Aristocrat Pays Shareholders Dividends as COVID-19 Continues

Aristocrat Gaming

Aristocrat pays shareholders dividend as virus recovery continues

Australian poker machine manufacturer Aristocrat Leisure will pay shareholders a dividend, The Australian reports.

This is despite the company taking millions of dollars from the Federal Government’s JobKeeper payments and halving its full-year net profit.

The company accessed $13.3 million from the government’s wage subsidy program to September 30, as it bore the brunt of forced casino and pokie venue closures.

After suspending its interim dividend in May to strengthen its balance sheet, its board authorised a final payout of 10 cents, citing Aristocrat’s “effective COVID-19 response.”

This represents a decline of 82 per cent in 2019.

Investors lapped up the news, with Aristocrat’s share price surging 3.8 per cent to $34.59, compared with a 0.5 per cent gain across the broader market.

S&P Global Ratings analysts said Aristocrat has made “good progress on its road to recovery” but “meaningful challenges remain, particularly in the company’s land-based Americas business.”

While revenue across its digital business increased 29 per cent to $2.2 billion, its land-based business declined 32 per cent, with analysts expecting the division’s earnings not to recover fully for another two years.

“Earlier than the anticipated reopening of casinos helped to limit the severity of earnings declines in fiscal 2020,” analysts said.

“Further, the digital segment continues to exhibit resilience, somewhat offsetting the significant drop in land-based revenues stemming from country-specific COVID-19 response measures.

“Despite this, group EBITDA declined by 31.8 per cent in fiscal 2020, driven in large part by a fall in the Americas segment’s EBITDA of around 42 per cent.

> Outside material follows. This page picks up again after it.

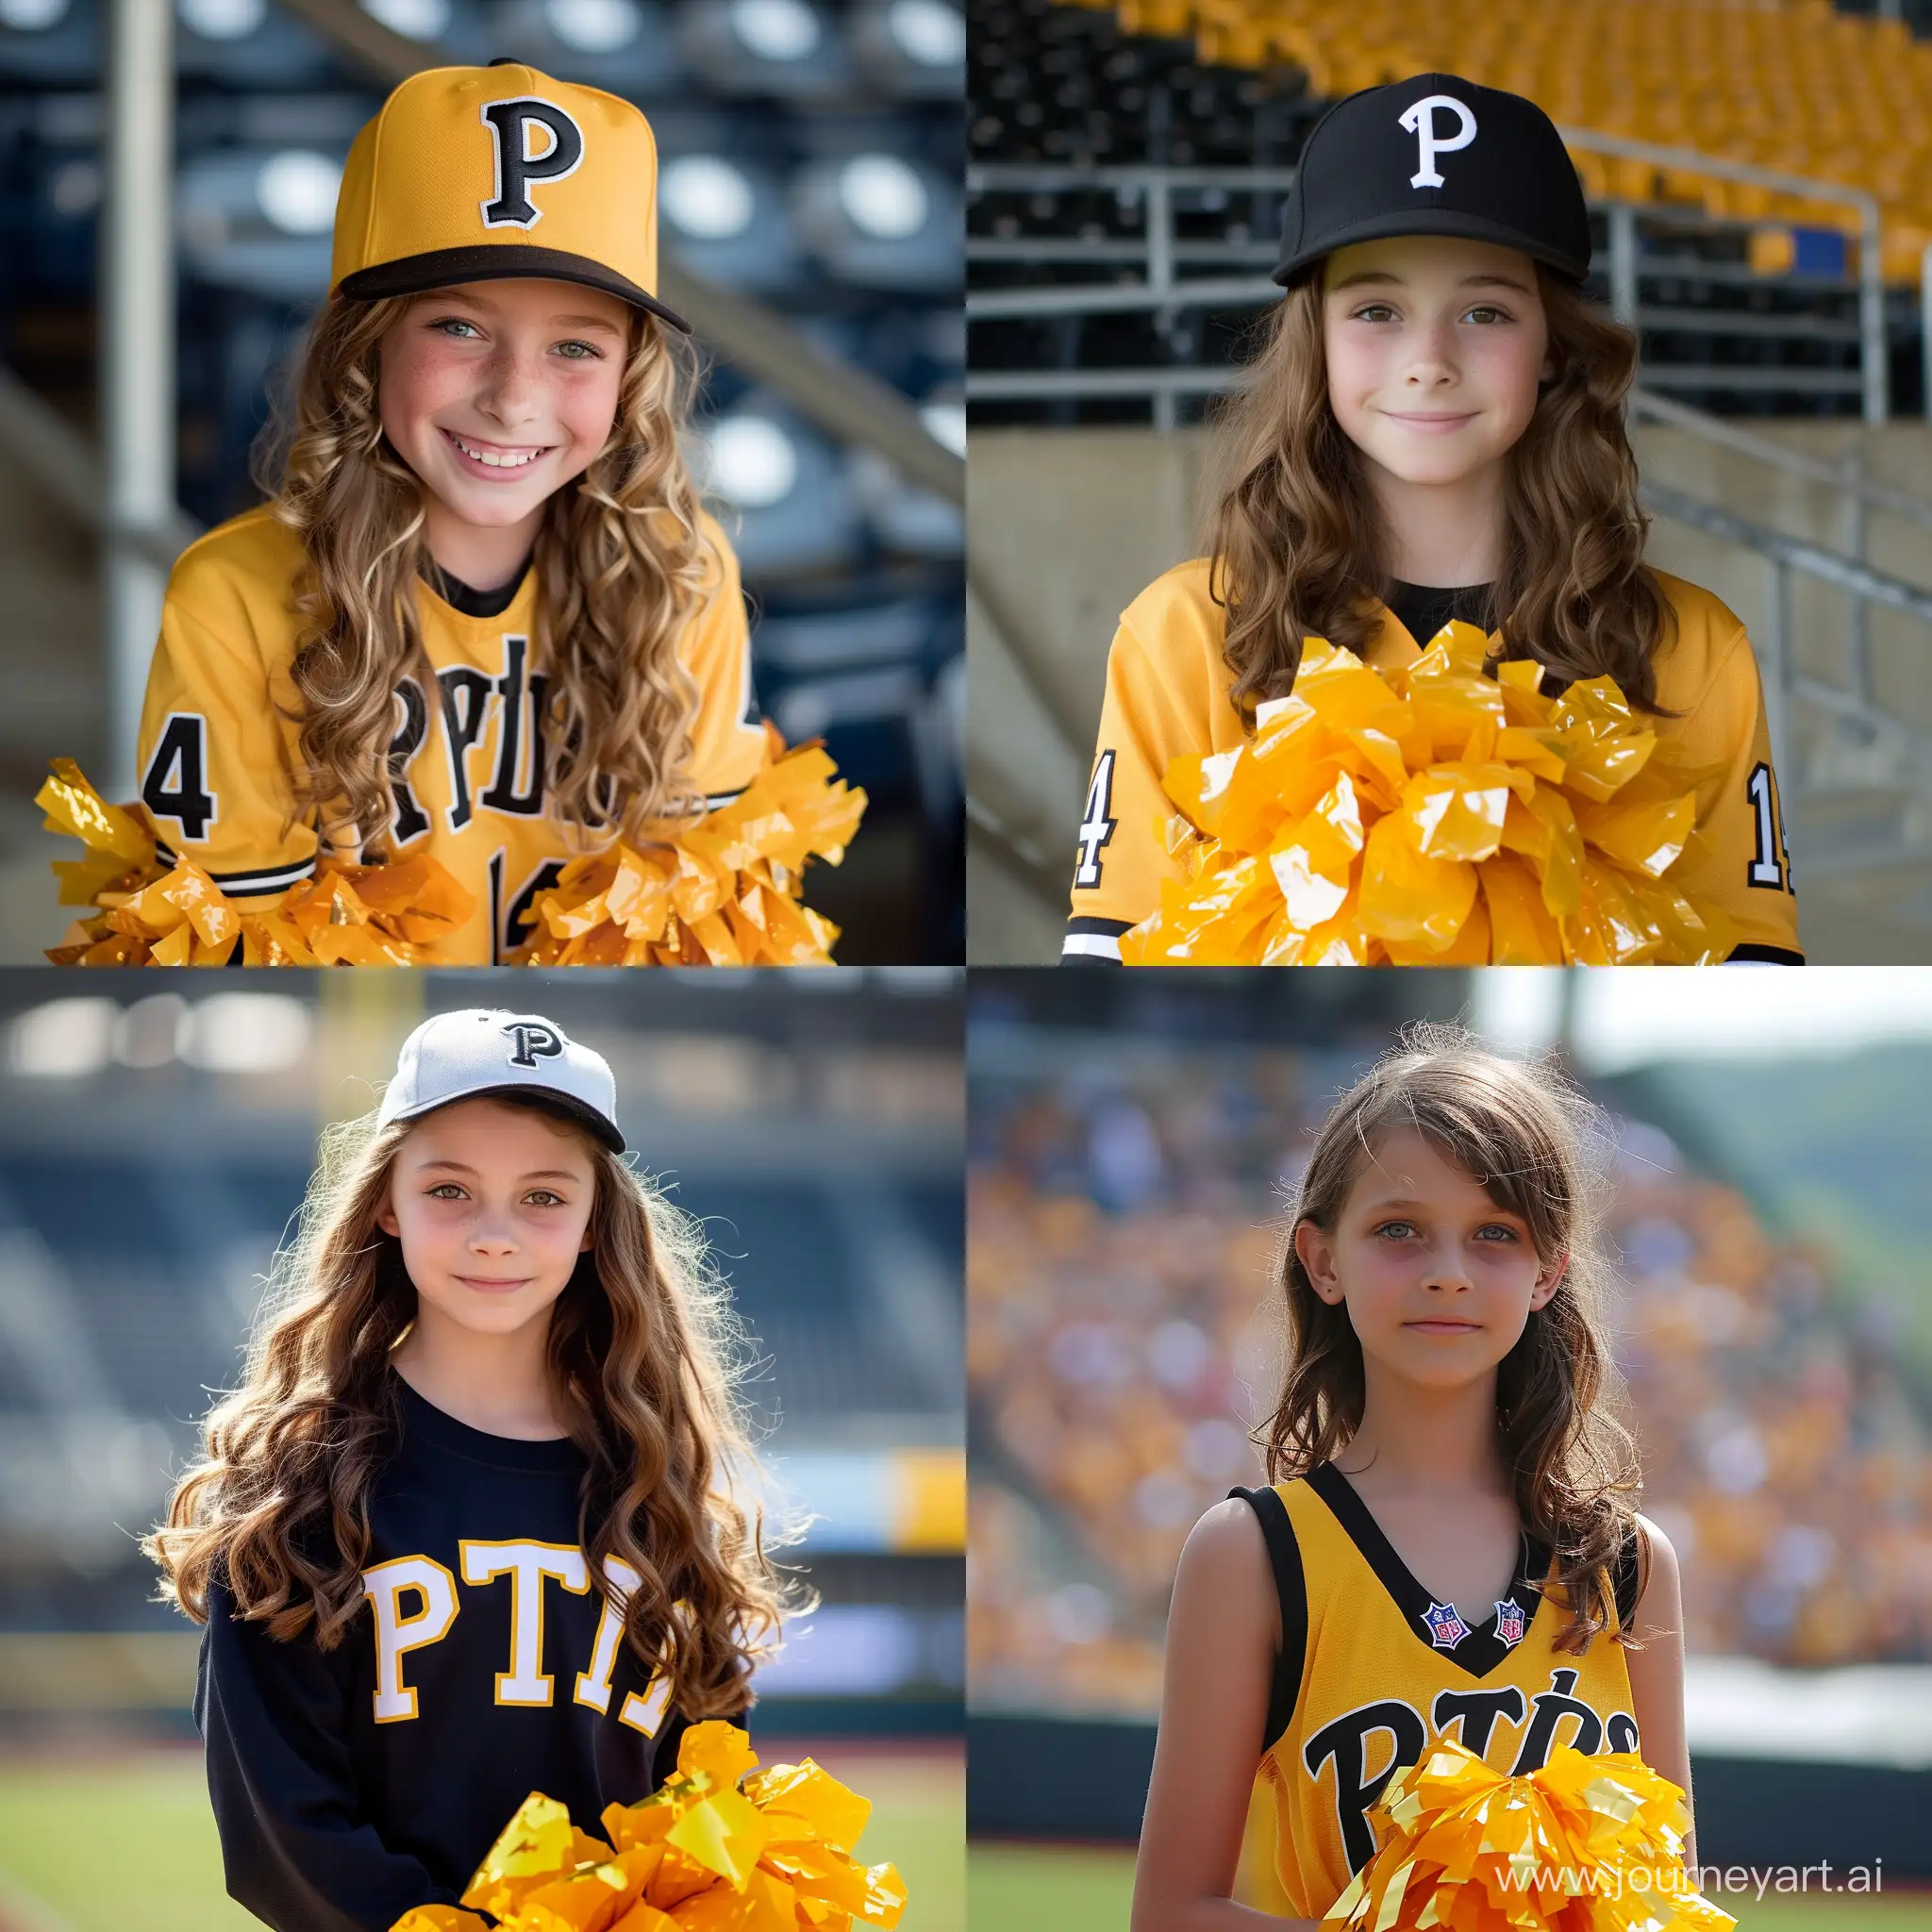 Pittsburgh Pirates 13-14 year old cheerleader

“We expect COVID-19 related effects on Aristocrat’s land-based operations will continue to constrain EBITDA over the next 12 to 18 months and not return to pre-COVID levels until the year ending September 30, 2022.

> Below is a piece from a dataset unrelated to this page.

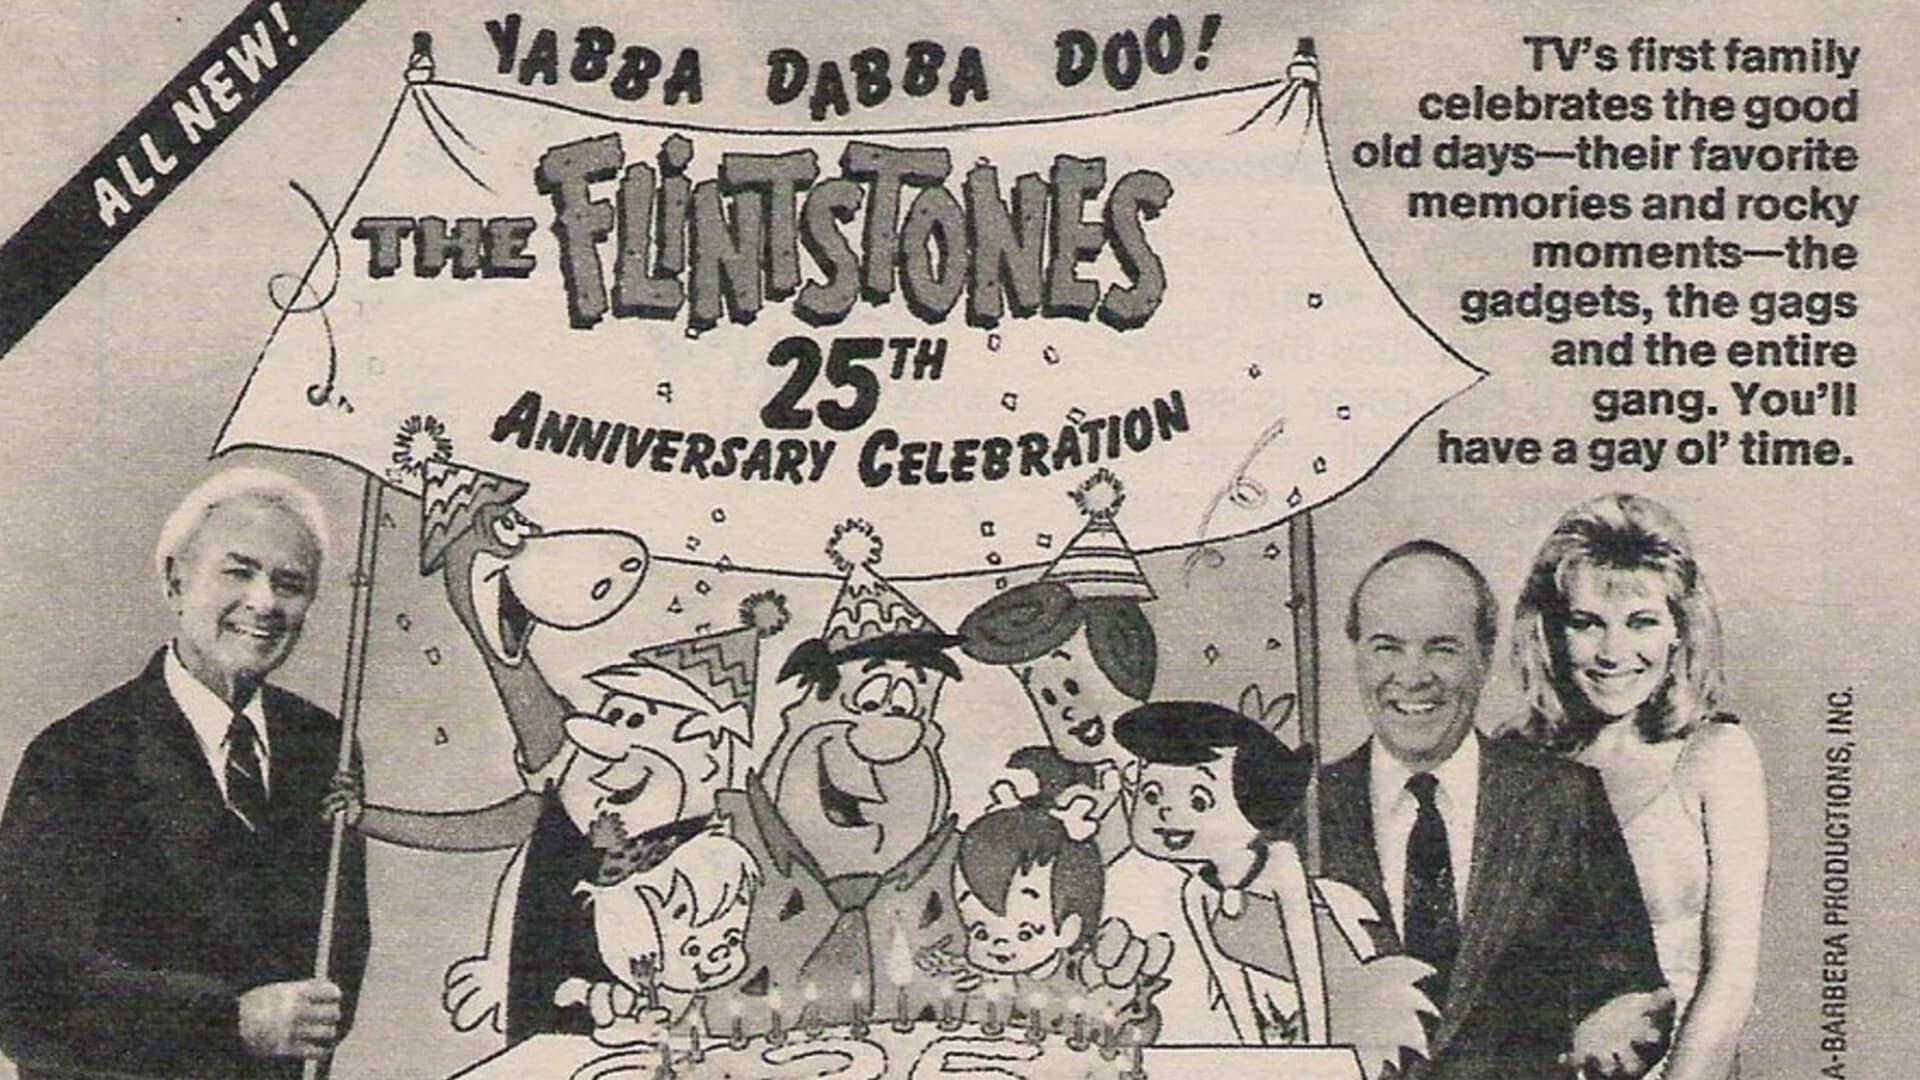 The Flintstones' 25th Anniversary Celebration backdrop

But S&P analysts said Aristocrat’s “strong balance sheet” would “help weather uncertainty” and maintained its BB+ rating.

“We anticipate a sluggish recovery in orders of new and replacement outright sale units as casino operators try to preserve liquidity in the face of significant economic uncertainty.”

Land-based operations an area needing improvement

Further constraining the recovery of Aristocrat’s land-based operations will be social distancing measures limiting casino capacity and the number of active gaming machines on a casino floor.

“Aristocrat’s sizeable cash balance of $1.7 billion, undrawn facilities, and minimal near term debt maturities provide an adequate buffer to meet any liquidity pressures over the next 12 months,” the analysts said.

“We believe this balance sheet strength, enhanced liquidity, and progress toward cash flow repair support Aristocrat’s decision to declare a modest full-year dividend.”

Aristocrat’s normalised full-year net profit dived 46.7 per cent to $476.6 million in the year to September 30.

Meanwhile, revenue eased 5.9 per cent to $4.1 billion.

On a statutory basis, profit surged 97.2 per cent to $1.38 billion, thanks to a $1.1 billion deferred tax asset.

“In May, we said that Aristocrat entered the COVID-19 challenge in good shape.

“Six months on, and notwithstanding the uncertainties that remain, we believe we’re well placed to emerge from this period in even better shape,” chief executive Trevor Croker said.

“Our results for the full year to September 30 demonstrate that we have enhanced our financial fundamentals and further accelerated our underlying operational momentum, despite the exceptional challenges and volatility generated by COVID-19 on our business, customers, players and people across the majority of the period.

“Aristocrat continued to take share and maintained its leadership of key gaming markets and segments over the full year, with an increased focus on customer service and engagement. Continued investment in new hardware and games delivered superior operational performance and support resilient demand.”

As a result of coronavirus, Aristocrat stood down 1000 staff from May 1 to the end of June and made an additional 200 roles redundant.

As of October 31, it had 5000 venue customers in Australia that had resumed operations, except in Victoria, after closing in March.